The forces on the housing are a function of the pressure difference between the inside and outside of the housing.  A vacuum of 10 psi at the surface is the same as going down 20' or so with a housing that has no vacuum inside.  So pulling a vacuum before diving is the same as diving a bit deeper.

 

Having said that, I can see that if you spring a leak at depth this could be a problem.  Lets say you evacuate the housing to 10 psi of vacuum (i.e. 4 psi absolute), and lets also guess that the alarm goes off if the vacuum drops to 9 psi (i.e. 5 psi absolute).  In order to do this you need to compress the air in the housing to 80% of it's original volume.  How do you do that?  By filling the rest of the volume with water.  I am guessing that the alarm deadband on these things is less than 1 psi, but you get the idea.  I don't know what the actual alarm setting of these systems is, but a small pressure change can amount to a fair amount of water in the housing when there is a leak underwater.

 

I think the real value of these systems is that you can find a leak before you go into the water.  If the leak starts once you're in the water I don't think they're likely to help much.

 

I still think they're great and my wife and I have them on both of our housings.

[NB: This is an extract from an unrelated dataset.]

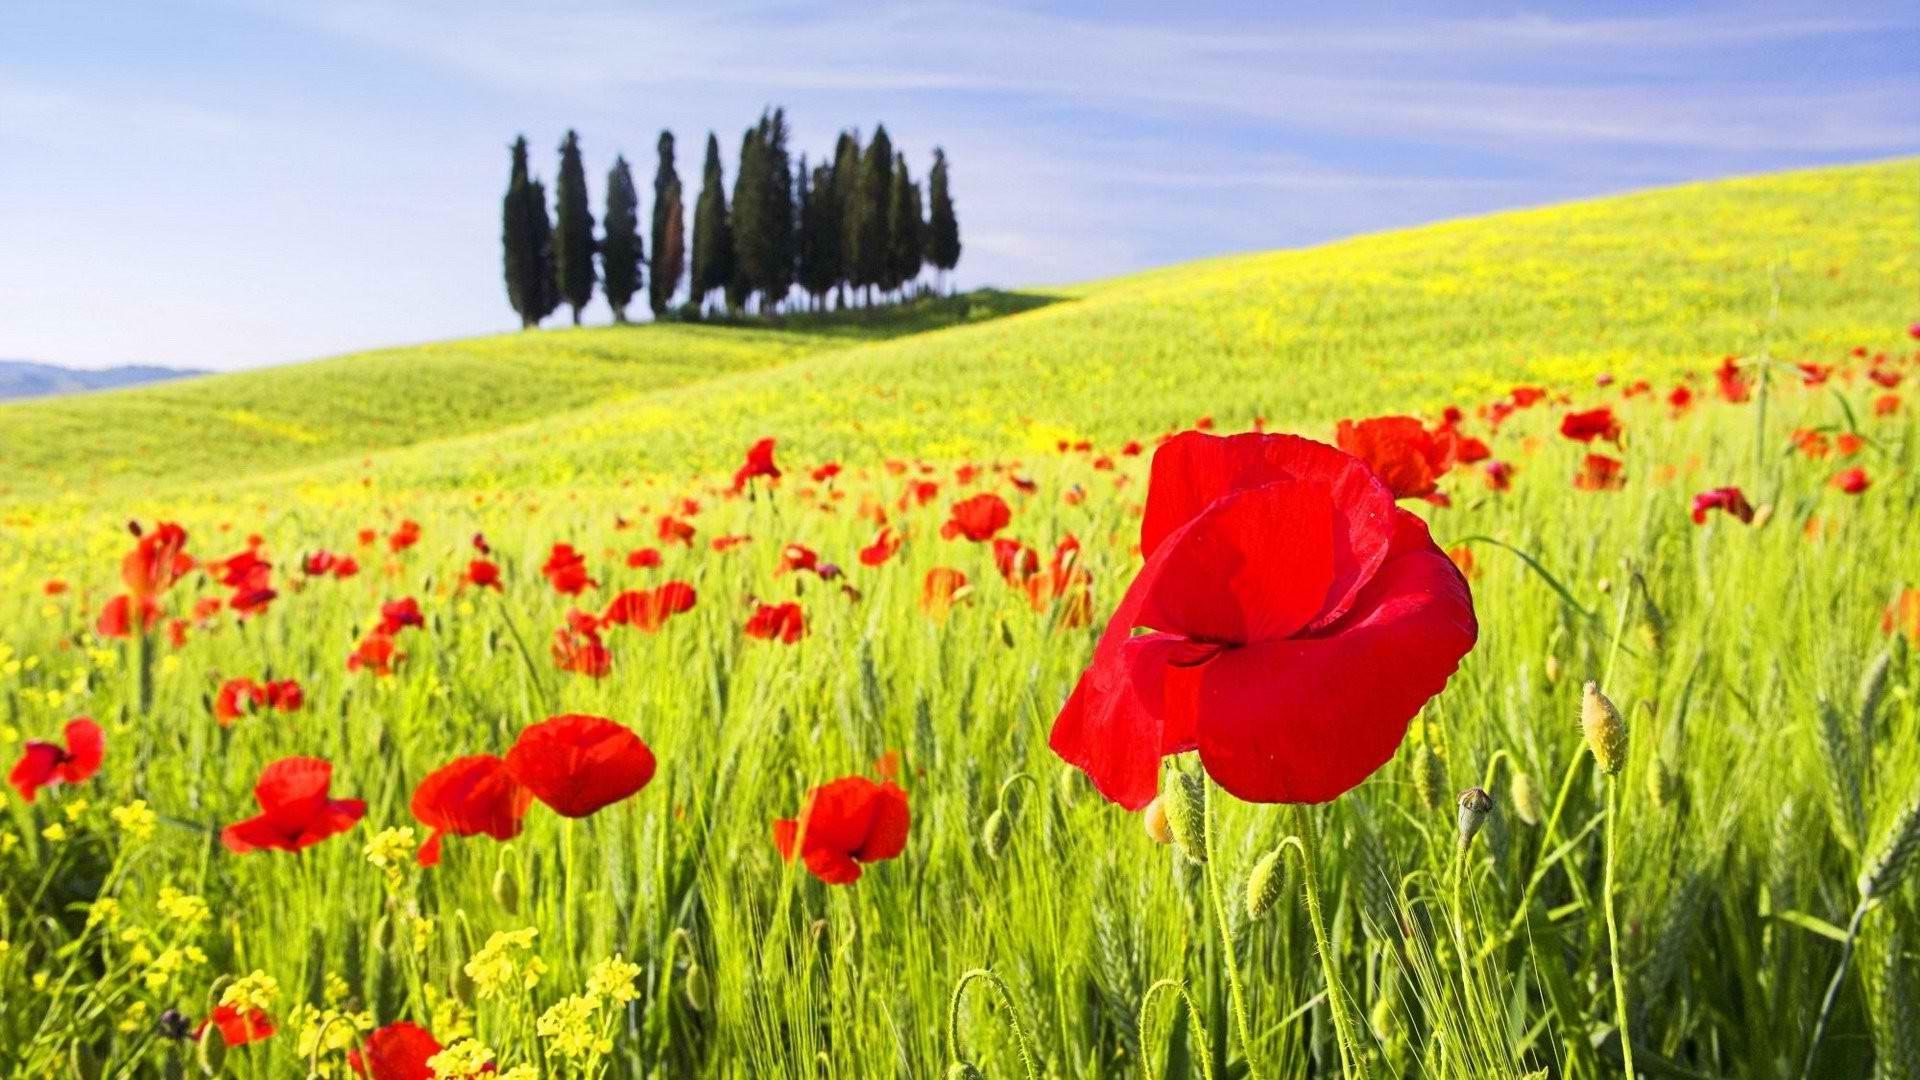 Fondos de pantalla paisaje flores c sped campo for Immagini full hd 1920x1080

In Topic: Configuring a MacBook for Dive/Photography Travel

27 December 2014 - 11:25 AM

My wife has the 13" MBP with the 256 GB drive and I have the 15" with the 500 GB drive, both late 2012 machines.  They both work very well.  The 256 GB drive isn't big enough to store her whole catalog, so we set it up with a travel catalog and move everything over when we get home.  The smaller machine is a little slower than mine, but it works fine for travel using both Lightroom and Photoshop.